ふっと 華美ら(はなびら)なんて 思い描いてしまう 日本人のわたし はなびらではなく 華美ら(はなびら) です
どの華の季節にも いつも、華美ら(はなびら)の 訪れる予感はしていて、

ああ、SNS は 華盛りですよ ────

Facebook には 日本を縦断するように華盛りのことばや写真が寄せられています
わたしも 投稿しているひとりです

華 (はなび) 美 華美ら(はなびら)の指先とふれあう その楽しみ

Facebook のお友達は 長く日本人ばかりだったので
ユーザーは 日本人ばかりのように 錯誤をしていた
やがて 海外からのお友達申請が届くようになった

男性よりも 女性のひとたちが多かった そうして

女性たちは 地球ネットワークの中から おおむね
「Are you married?」と問いかけてきた 直截的だ

ある華の季節に アフガニスタンのアメリカ女性軍曹 Tracy から
メッセージが届いた 志願兵部隊では 輪姦されっぱなしだという
「I have been raped since I was a child.

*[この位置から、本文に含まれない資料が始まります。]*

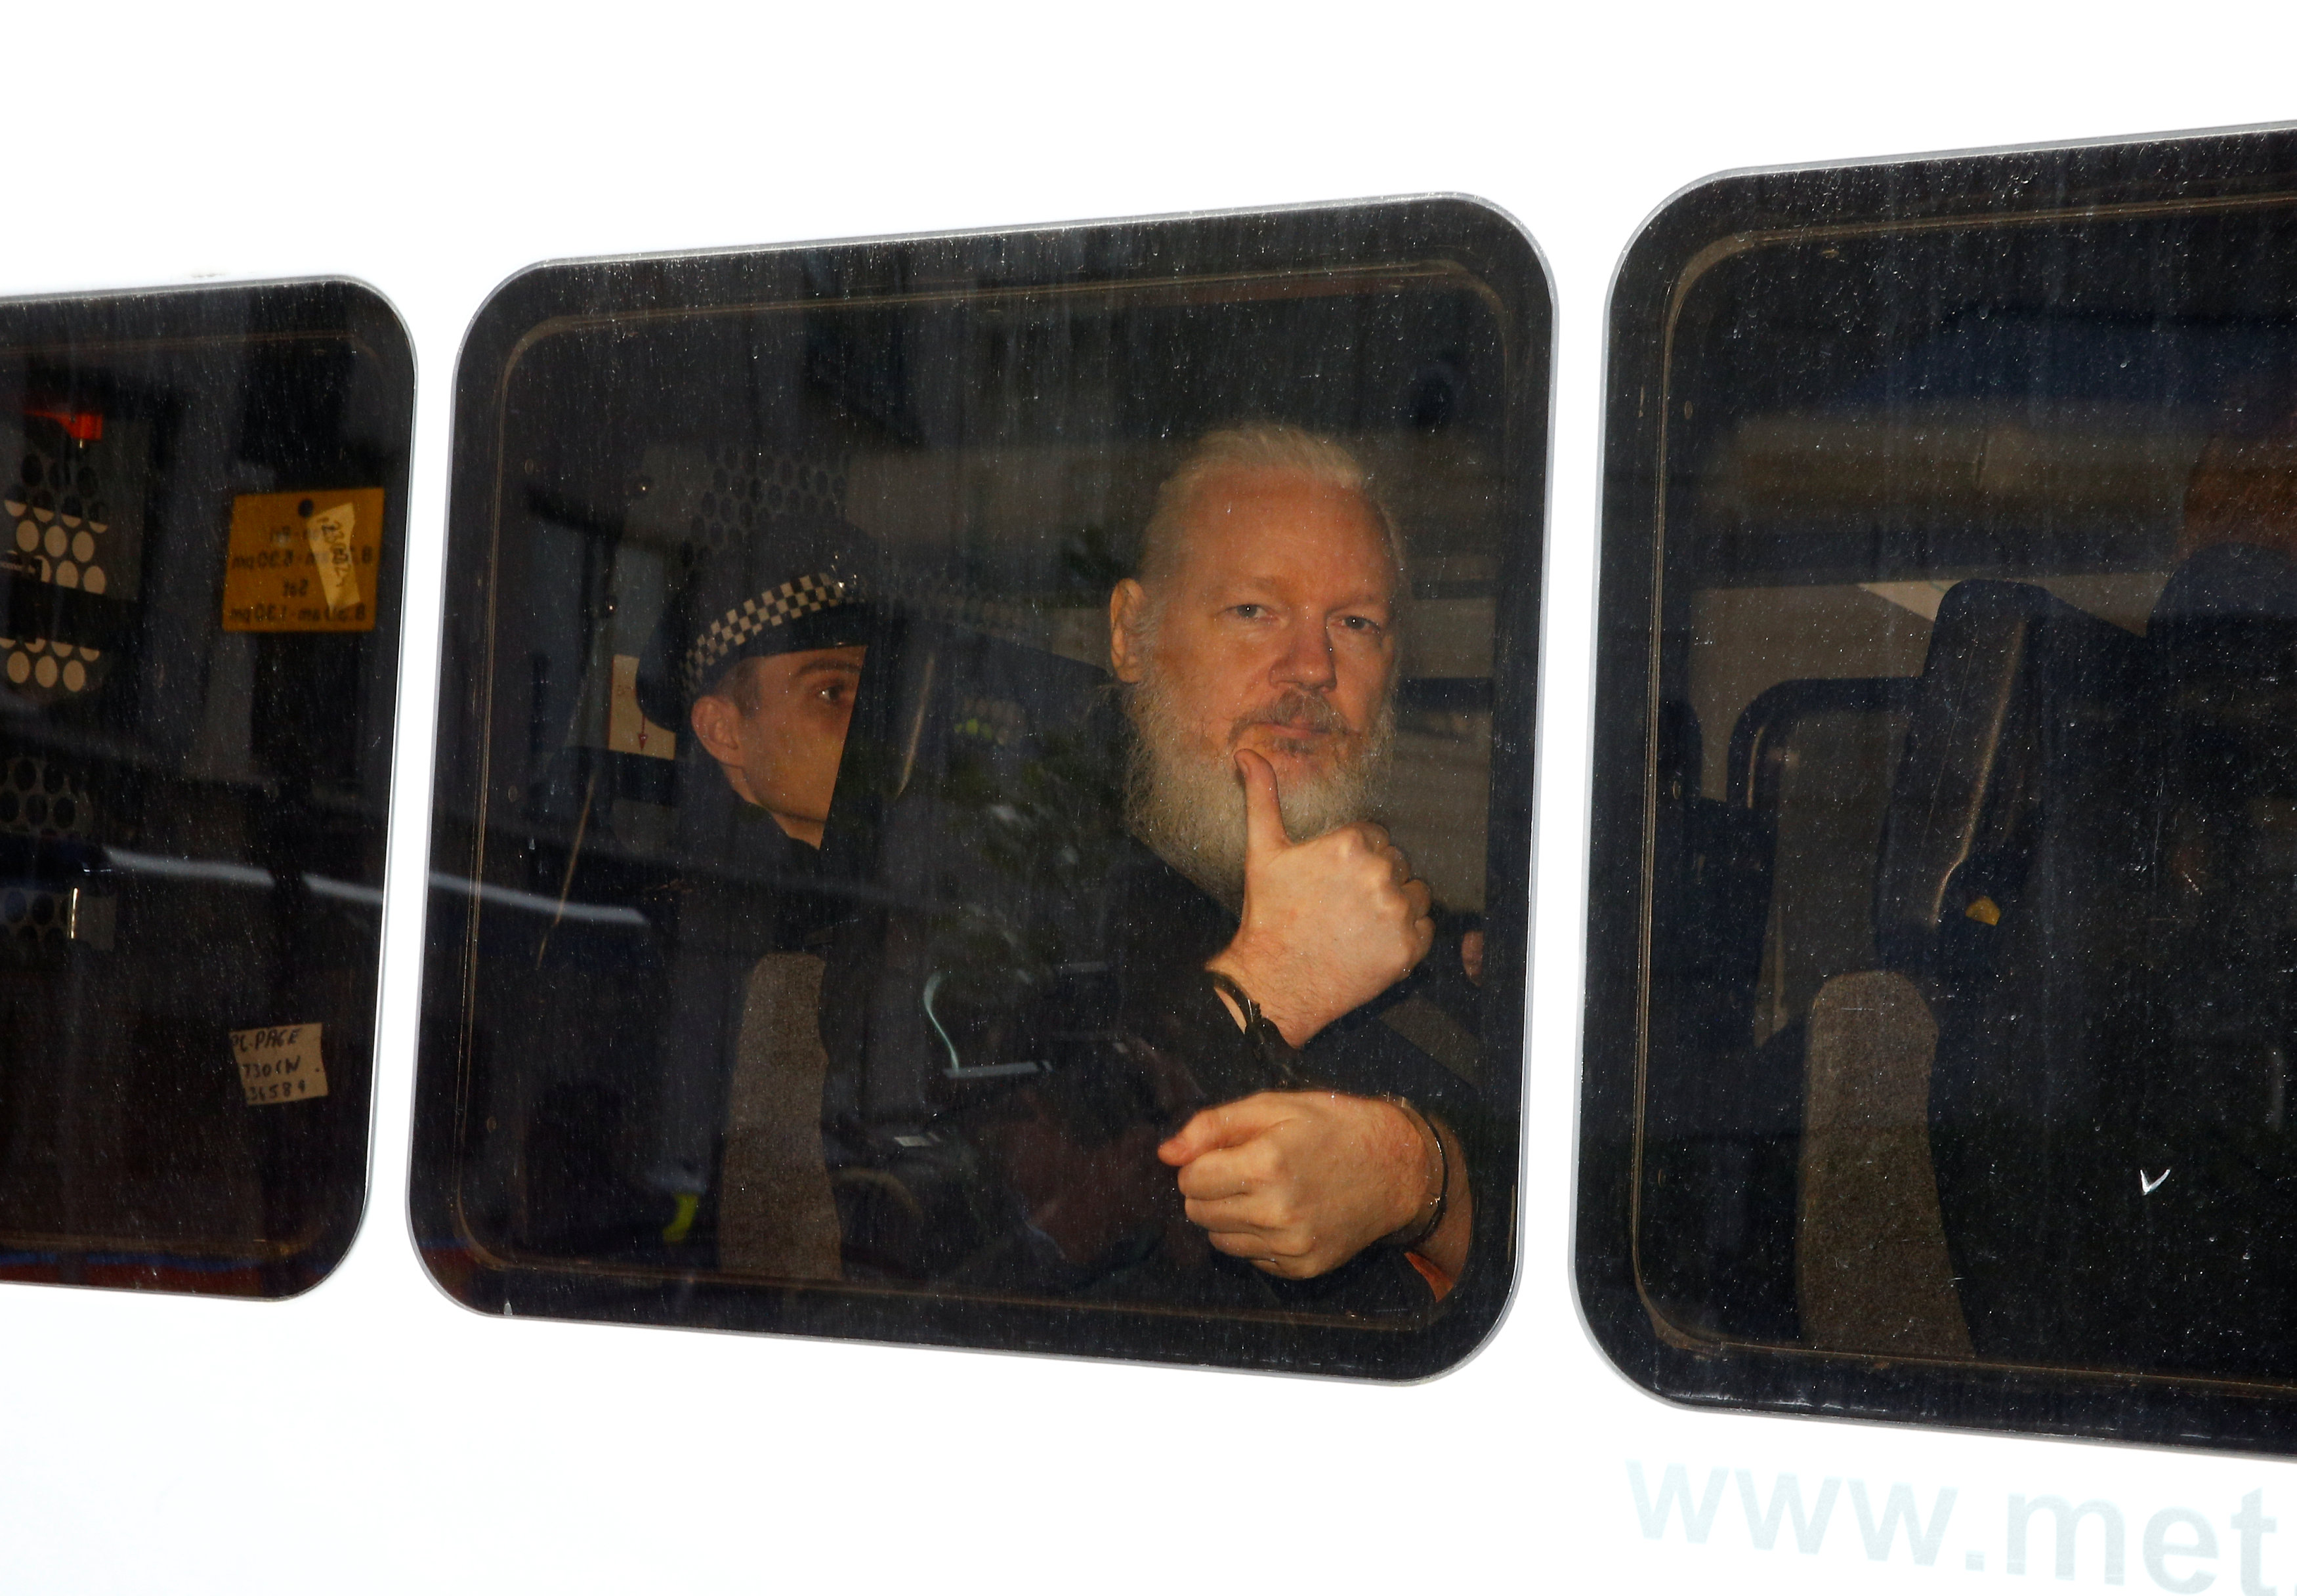 Julian Assange comparece ante un tribunal de Londres

I want to withdraw from this unit. To do that,
I need money to dispose of confidential information.
(わたしは幼い頃から レイプされっぱなしです。私は、この部隊を離脱したい。
その為には、機密情報を処分するためのお金が必要です)」

わたしは「NO」と言った すると、彼女は 途端に自らのアカウントを消した
それが SNS の ひとつの側面なのだった───

共通する FB フレンドの パキスタン人の男性に尋ねてみた
Tracy について 何かご存知か、と
すると彼から「関心ハ無イデス」という返信が来た

ネット上では よくある話だ

やがて、インドネシア、カンボジアと 東南アジアの華 (はなび) 美が訪れてきて
・・・・・・・・・ 中東のカタール国で秘書をしている
フィリピン人女性 Argerie から お友達申請が届いた

1977 年生まれ じきに 40 歳 シングルマザー
タイムラインを観ると 日本人男性の FB フレンドの写真がタイルの ように びっしり貼られていた

(一体 どのような ことを 想っているの か)
そんな 素朴な疑問に 衝き動かされた

Argerie もまた 「Are you married?」とたずねかけてきた
私は 「NO」と答えた

≪詐欺≫ ということばが 頭に 浮かんだ

Argerie アルジェリー・ドミンゴ・ハビエル
≪ハジメマシテ ワタシト ナカヨク シテクダサイ
ワタシハ ニホンニ トテモ キョウミガ アリマス≫

アルジェリーは そのように 私に自己紹介した

≪・・・・・・・・・・・・・・・・・・・・・・・・・・・・・・・≫
≪ワタシハ ワルイ フィリピーナ デハ アリマセン≫

それから 彼女は たくさんの写真を 送信してきた
出稼ぎ労働者として毅然と働く姿 華 (はなび) 美 フィリピーナ同士ランチを 愉しむ姿 華 (はなび) 美
故郷のフィリピンの家で娘たちと戯れる姿 華 (はなび) 美

彼女を疑おうと思えば いくらでも疑えたのだが

私は そういう心情にならなかった 華 (はなび) 美 が 綺麗に見えたから ヲんな は 生きていて
「お」より「ヲ」のほうが 弓のような しなりを 感じるのだった

わたしは精神障害者認定されて5年余り
もう、人を差別することからもされることからも解放されたかった
入国管理局も厚生労働省の視線も わたしからすれば酷似していた
わたしは知り合ったばかりの アルジェリーを 疑いながらも メッセージの送受信を続け ていった Google 翻訳を 使いながら。
「I am Poor Japanese」華 (はなび) 美「No Problem」華 (はなび) 美
「I have No Job Because It is a Disabled Person (障害者)」華 (はなび) 美
「No Problem」華 (はなび) 美

富裕層でも貧困層でも 日本国籍を取得するのが お目当ならば
あの手この手で カモにするのは とても簡単なことだろう
しかし、どんなにわたしが警戒心をあらわに言葉を送り返しても
「No Problem」という返信が 直球で返って来るのだった

(わたしは、こころの何処かに 希望=華 (はなび) 美を持っていたような気がする)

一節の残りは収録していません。